- Born: Andrew Spade May 5, 1962 (age 64) Michigan, U.S.
- Occupation: Entrepreneur
- Known for: Co-founder of Partners & Spade and Kate Spade New York
- Spouse: Kate Spade ​ ​(m. 1994; died 2018)​
- Children: 1
- Relatives: David Spade (brother) Rachel Brosnahan (niece by marriage)

= Andy Spade =

American businessman (born 1962)

Andrew Spade (born May 5, 1962) is an American businessman. He co-founded the fashion brand Kate Spade New York with his wife, Kate Spade, as well as the design company Partners & Spade.

==Early life and education==
Spade was born in Michigan, the middle child in a family of three brothers. His younger brother is actor and comedian David Spade. The family moved to Arizona when Andy was six. He attended Arizona State University, where he met his future wife. During college, he and a friend founded the advertising firm Spade & Hannawell, which was named one of Arizona's Top 10 New Companies in 1987.

==Career==
Spade started his career in advertising, working on brands including Coca-Cola, Lexus, and Paul Stuart. He left his job in 1996 to work full-time on the business he and his wife had started.

===Fashion===
In 1993, he and his wife founded the fashion and lifestyle brand Kate Spade New York, and in 1999, the men's brand Jack Spade.
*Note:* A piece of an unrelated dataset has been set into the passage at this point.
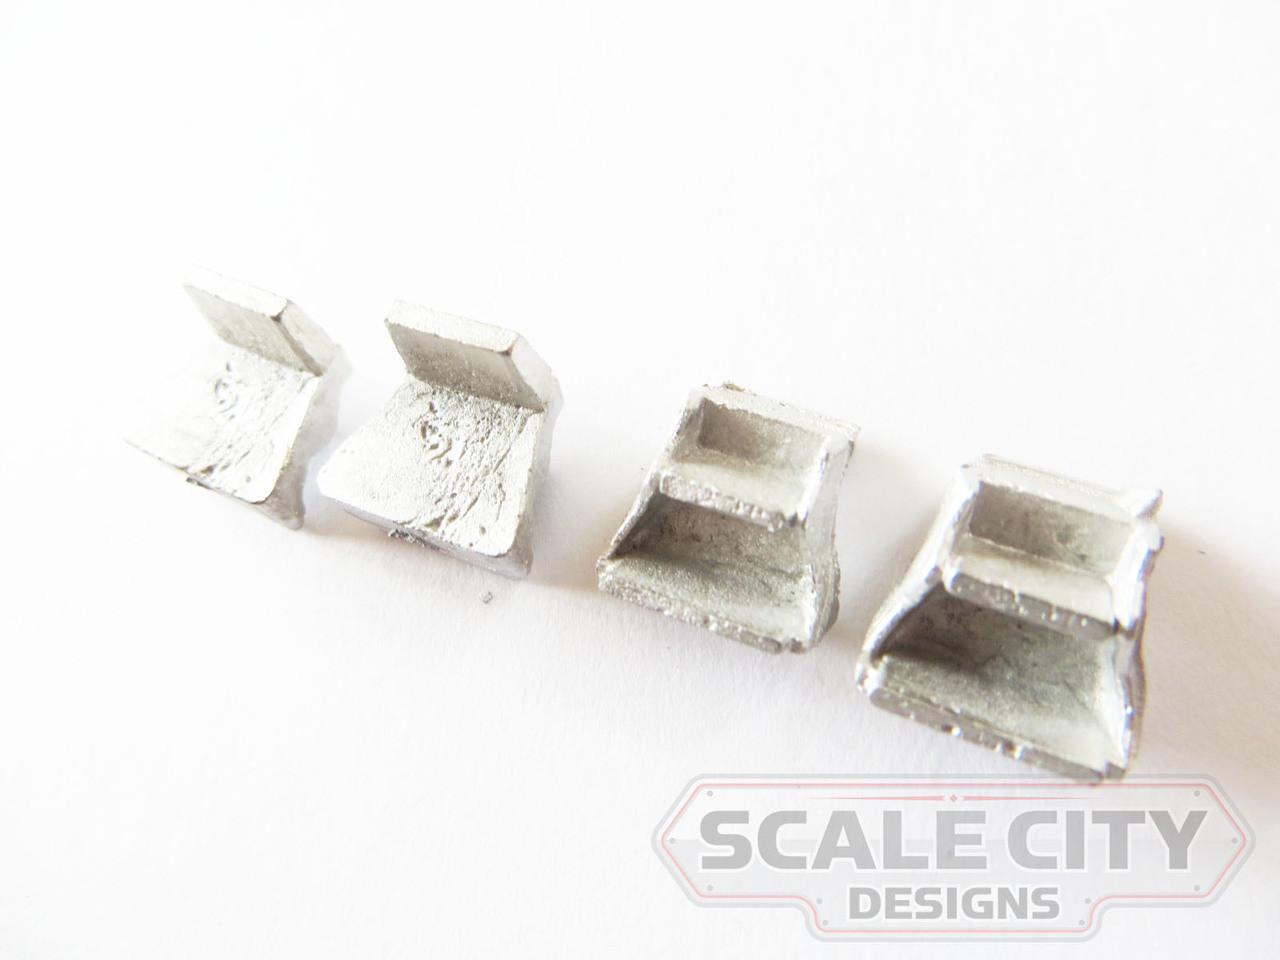 48-699 Caboose Steps Tender Style O Scale FKA Keil Line

In 2013, he launched a collection of loungewear, Sleepy Jones, with Anthony Sperduti and Chad Buri.

===Other endeavors===
In 2008, Spade and Sperduti established Partners & Spade, a creative branding studio and storefront in the NoHo neighborhood of Manhattan. He also produced director Josh Safdie's debut feature film, The Pleasure of Being Robbed (2008), and has conceived and published several photography and concept books through such imprints as A.S. Books, Jack Spade Press, and Kate Spade Editions, as well as independently.

==Personal life==
Spade was married to designer Kate Spade (née Brosnahan) from 1994 until her death on June 5, 2018. They had one daughter, born in February 2005. Actress Rachel Brosnahan is Spade's niece.

At the time of Kate's death by suicide, Andy released a statement acknowledging that the couple had been living separately, but close to each other, for the previous ten months, though they were not legally separated. Their daughter, then 13, lived with both of them. The statement said that Kate "suffered from depression and anxiety for many years" but had been seeking medical treatment.

==Awards==
He was named one of 100 creative business people of 2009 by Fast Company.